_EXCERPTED DATA_
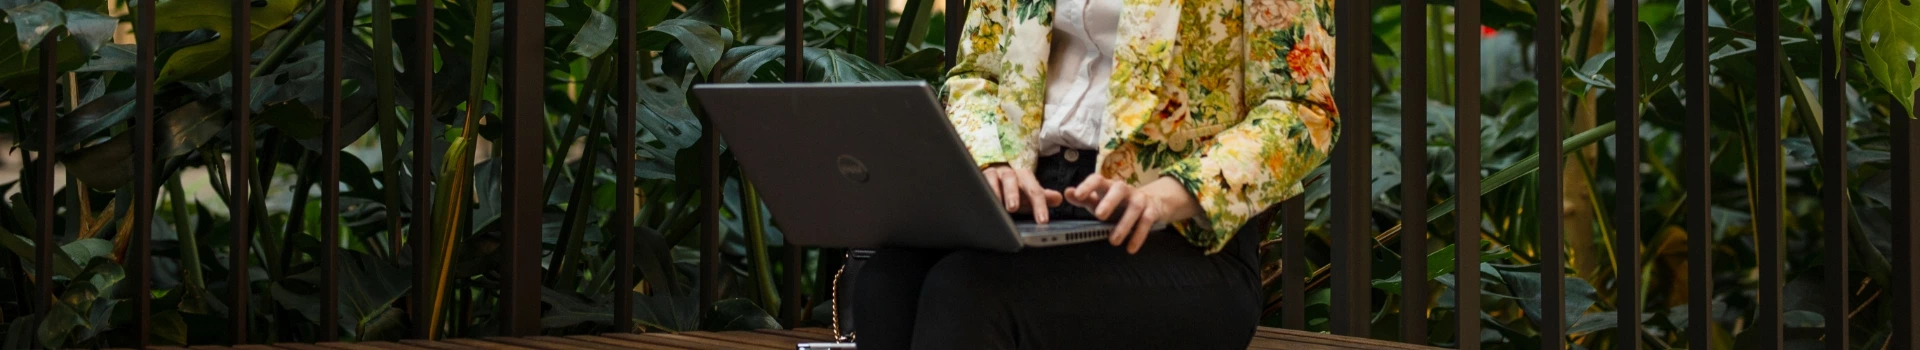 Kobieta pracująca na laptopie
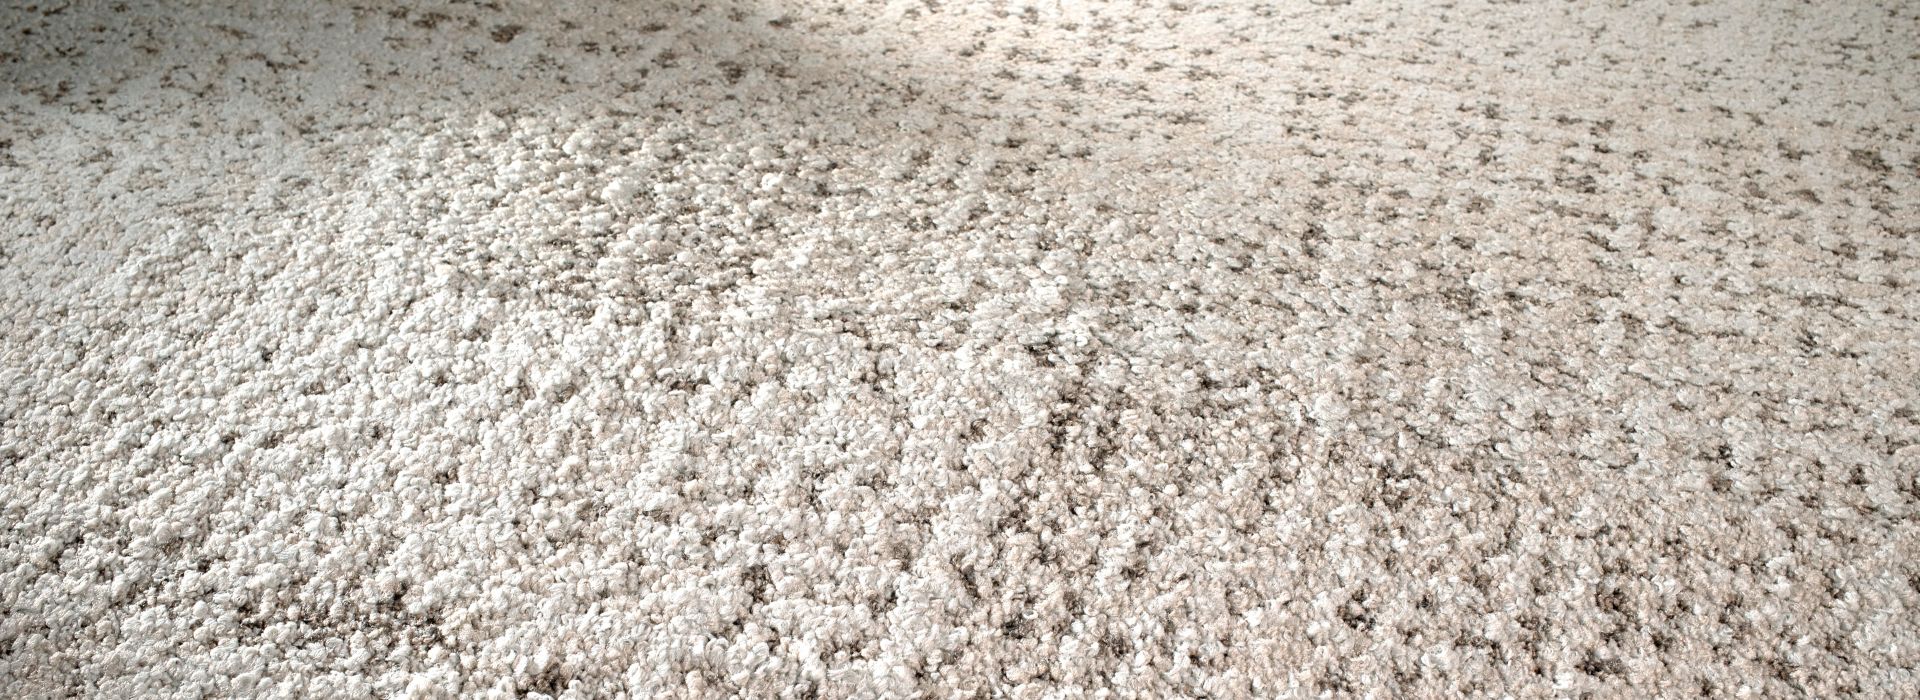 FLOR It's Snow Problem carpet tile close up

--

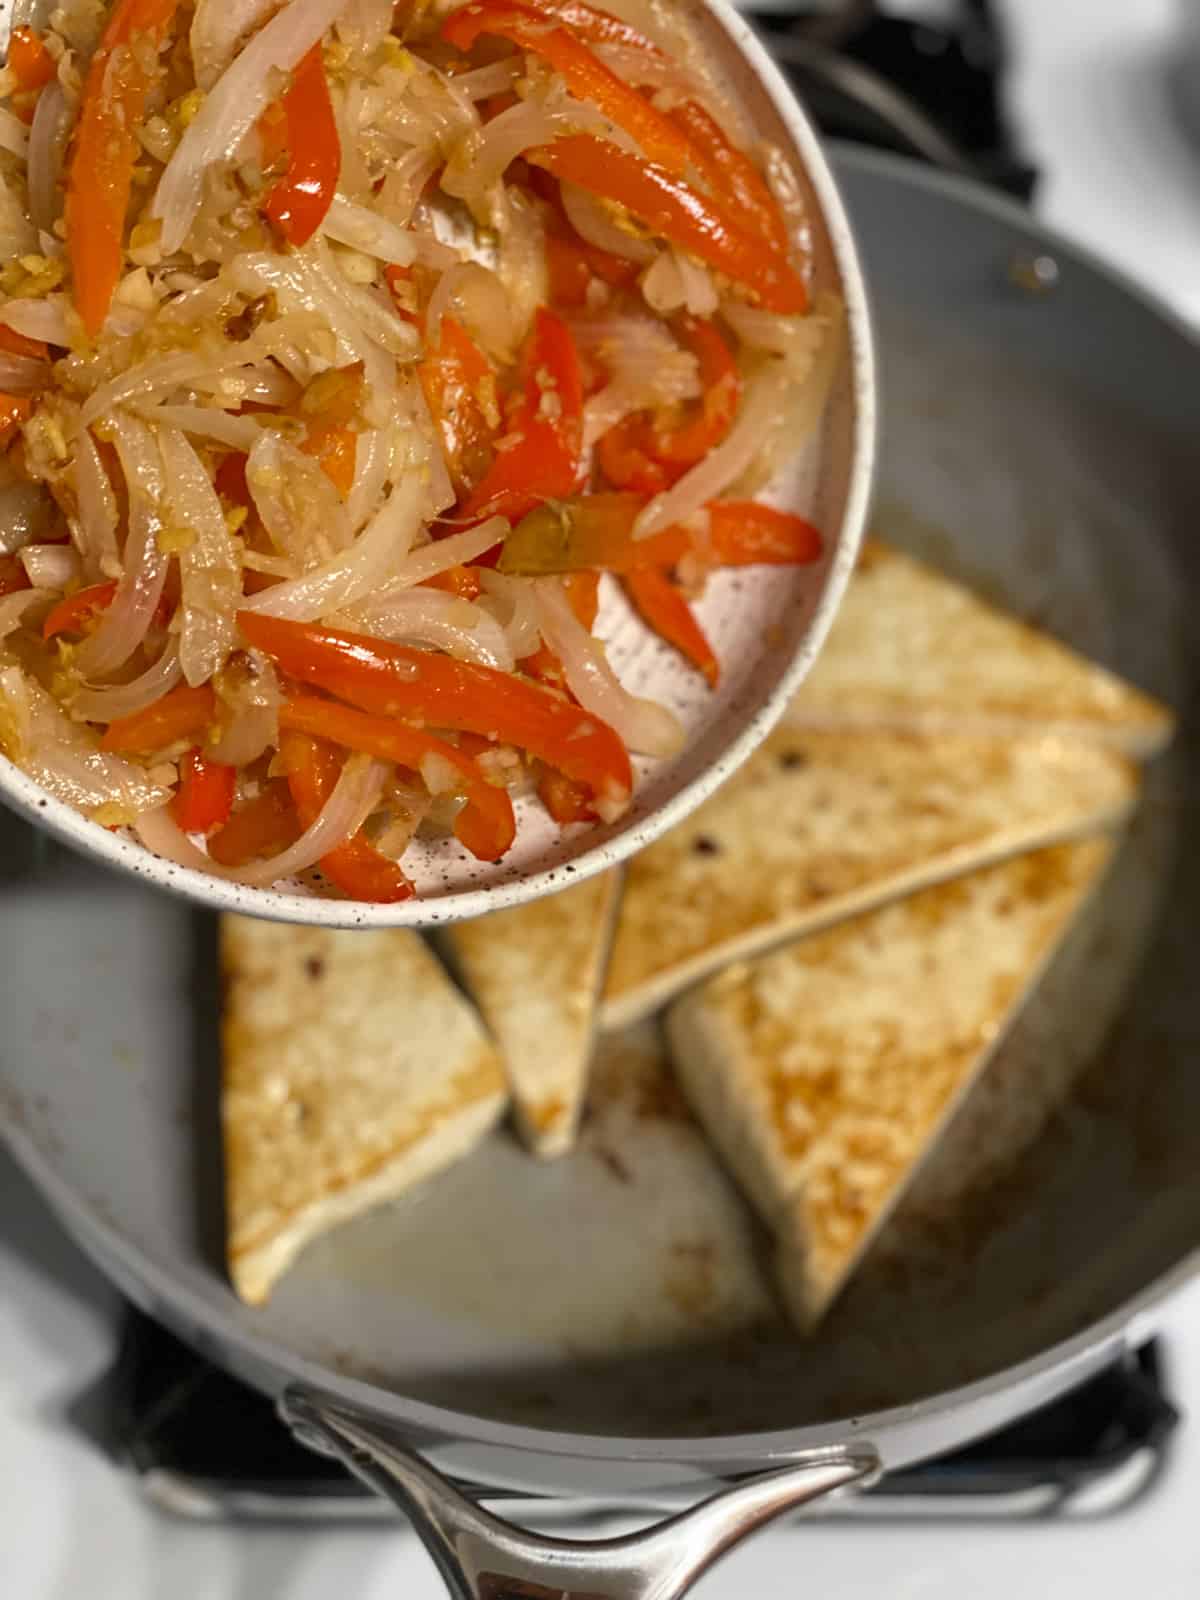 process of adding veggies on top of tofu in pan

_INSTRUCTIONS FOR THE TASK_
Above are records with pictures. Reproduce exactly only the lines from the line with "Kobieta pracująca na laptopie" through the line with "FLOR It's Snow Problem carpet tile close up", both ends included, and leave the pictures out.

_RESPONSE AREA_
 Kobieta pracująca na laptopie
 FLOR It's Snow Problem carpet tile close up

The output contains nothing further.